We'll use a simple CSV input for this guide. We have separate pages that go into details about other input formats.

Consider the following CSV input (simplified and changed from the full example here):

                    DATE|HIGH TEMP C|LOW TEMP F|WIND DIR|WIND SPEED KMH
01/31/2019 12:34:56-0800|       10.5|      30.2|       N|            33
07/31/2020 01:23:45-0500|         39|        95|      SE|             8

Bear in mind that this example is somewhat contrived (such as mixed use celsius and fahrenheit) so that we can illustrate capabilities of omniparser schema.

The Desired Output

Omniparser ingests and transforms an input (stream) into a number of output records in JSON. For CSV a basic input unit for ingestion and transform is a single data line. For this example, we want to transform each of the data line into the following JSON output:

[
	{
		"date": "2019-01-31T12:34:56-08:00",
		"high_temperature_fahrenheit": 50.9,
		"low_temperature_fahrenheit": 30.2,
		"wind": "North 20.5 mph"
	},
	{
		"date": "2020-07-31T01:23:45-05:00",
		"high_temperature_fahrenheit": 102.2,
		"low_temperature_fahrenheit": 95,
		"wind": "South East 4.97 mph"
	}
]

As you can see, in the desired output, we'd like to standardize all the input temperatures into the same fahrenheit unit; we'd also like to do some translation such that the wind direction and wind speed are "massaged" into a more human readable string; lastly, we'd like to normalize the date text into RFC-3339 standard format.

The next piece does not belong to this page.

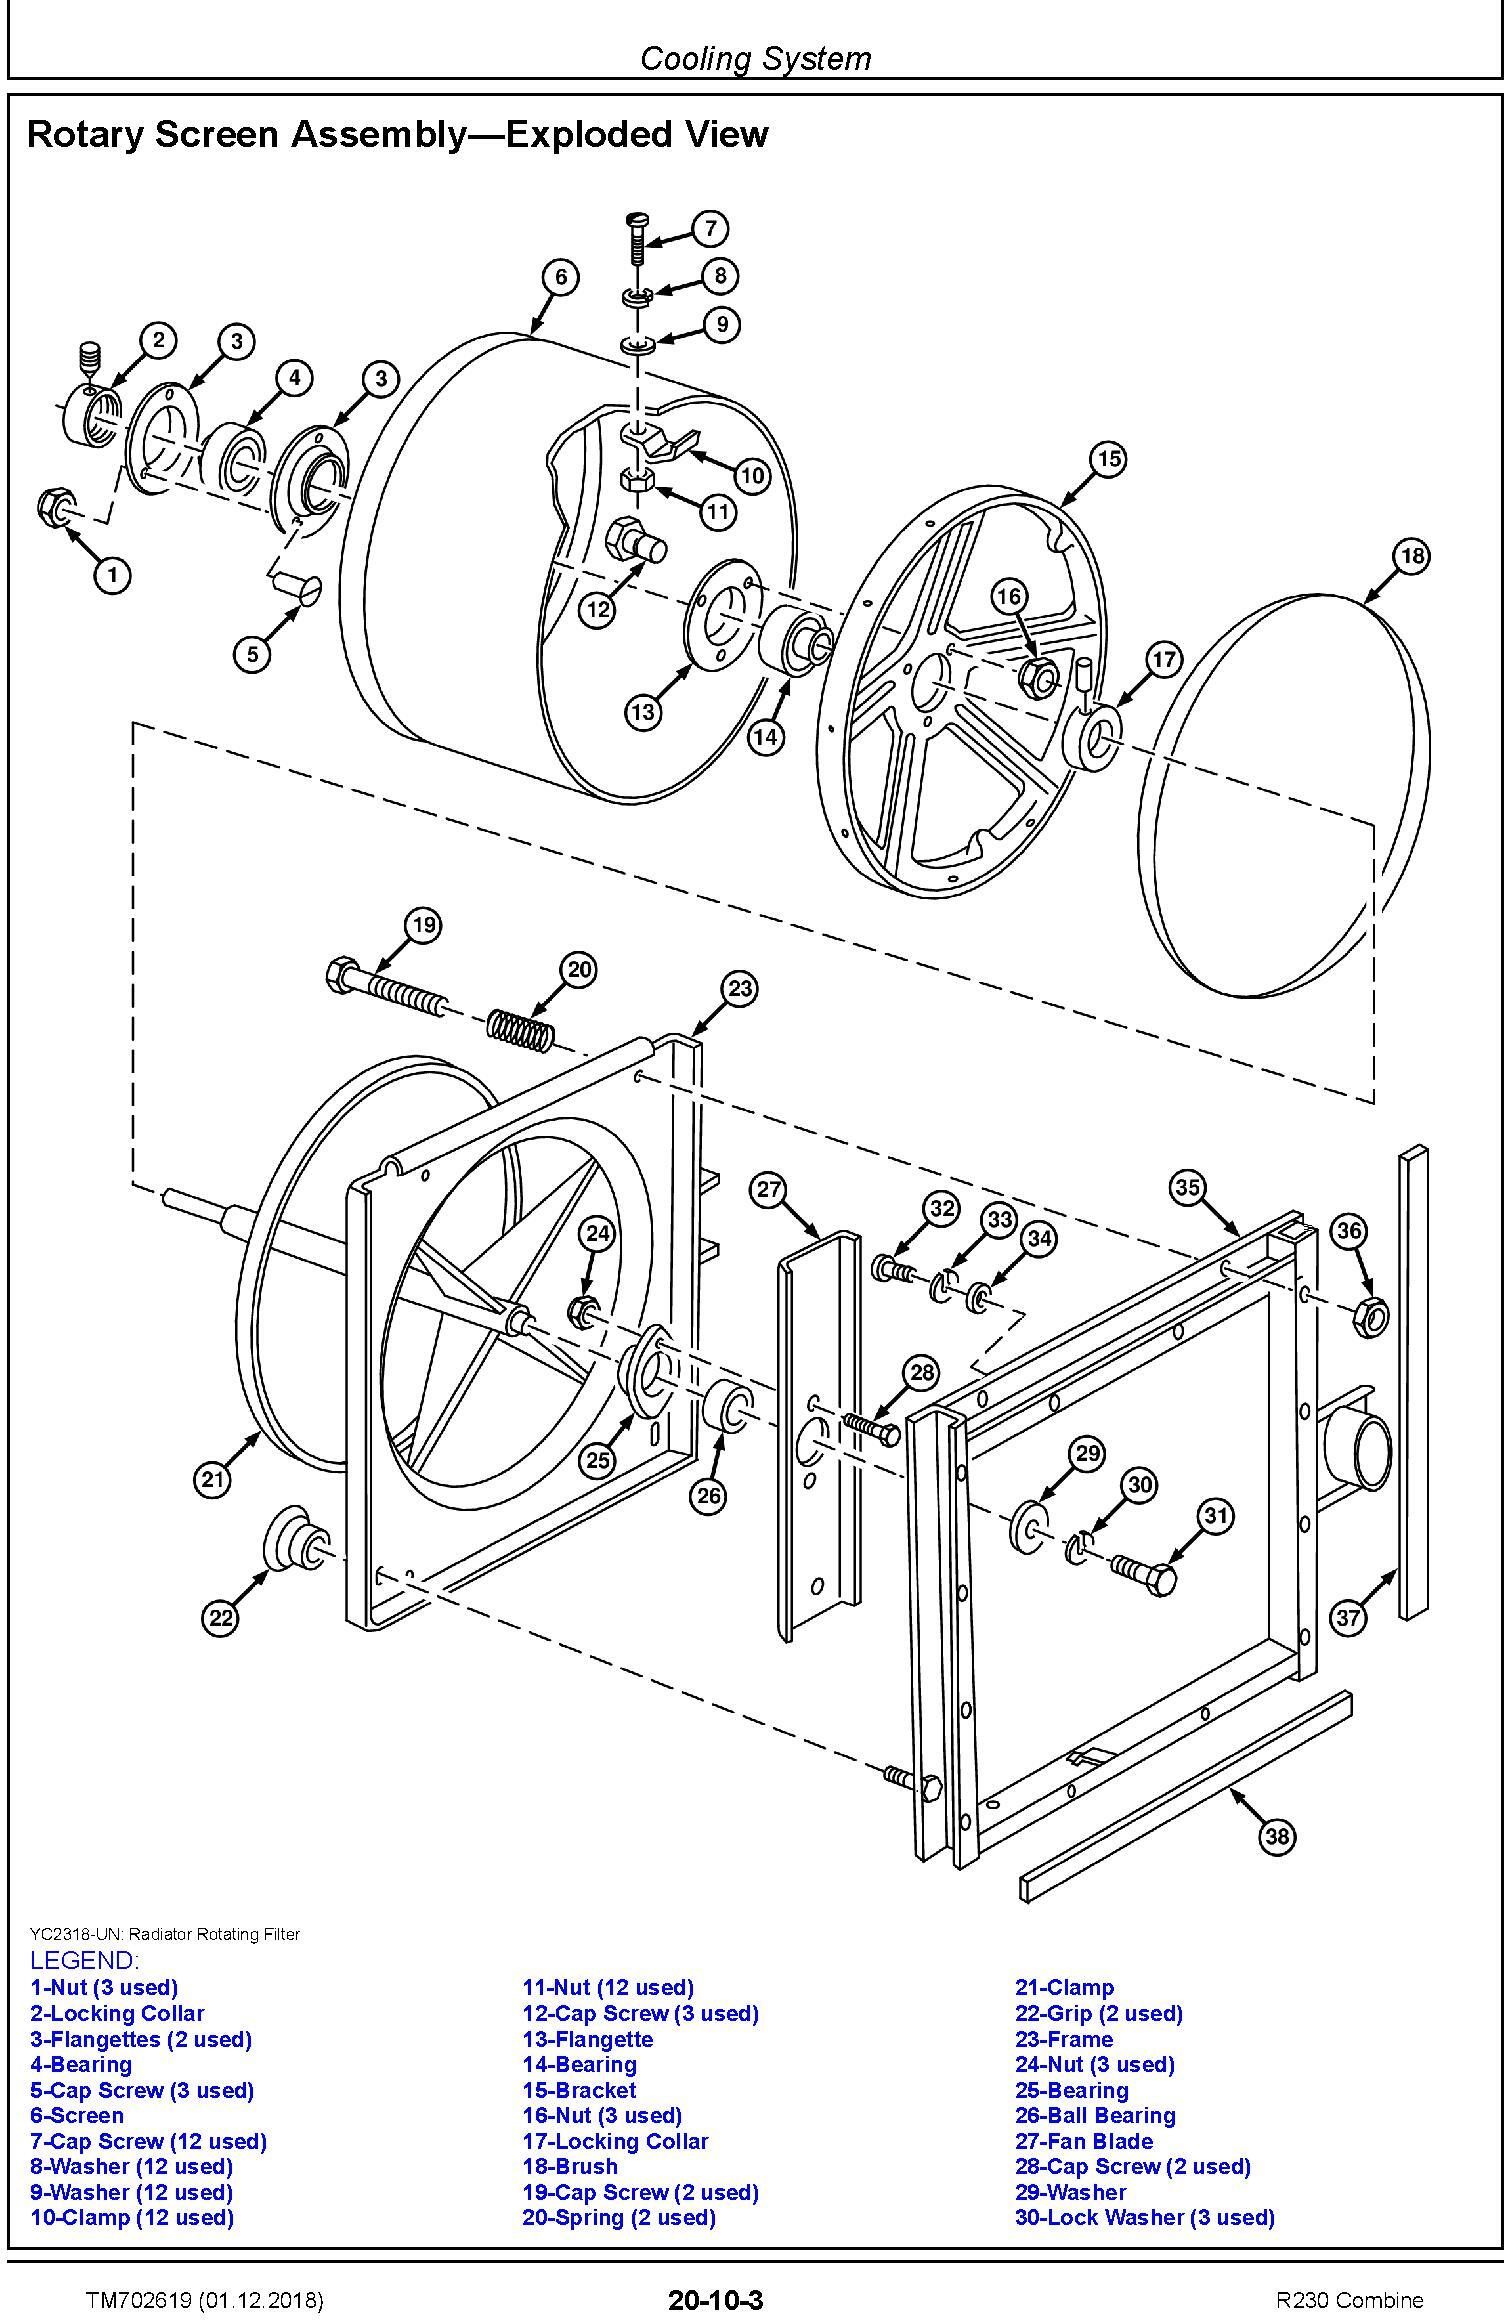 John Deere R230 Combine Technical Service Manual (TM702619) - 2

CLI (command line interface)

Before we get into schema writing, let's first get familiar with omniparser CLI so that we can easily and incrementally test our schema writing.

Assuming you have the git repo cloned at ~/dev/jf-tech/omniparser/, simply run this bash script:

~/dev/jf-tech/omniparser/cli.sh help

For this guide, we will need to use transform command:

~/dev/jf-tech/omniparser/cli.sh transform --help

Now assuming your temporary working directory for this guide is: ~/Downloads/omniparser/guide/, let's create two files there, one for the input and one for the schema:

$ cd ~/Downloads/omniparser/guide/
$ touch input.csv
$ touch schema.json

Use any editor to cut & paste the CSV content from The Input into input.csv, and now run omniparser CLI from ~/Downloads/omniparser/guide/:

$ ~/dev/jf-tech/omniparser/cli.sh transform -i input.csv -s schema.json
Error: unable to perform schema validation: EOF

Expected, given the schema.json is still empty. (Note, -i input.csv is optional; you can use standard IO pipe to feed the input into cli.sh: e.g. cat input.csv | cli.sh transform -s schema.json)

Now we're ready to go!

Schema Writing

parser_settings

This is the common part of all omniparser schemas, the header parser_settings:

{
    "parser_settings": {
        "version": "omni.2.1",
        "file_format_type": "csv2"
    }
}

(Note, "csv2" has replaced the deprecated "csv" schema, see more details in CSV Schema in Depth.)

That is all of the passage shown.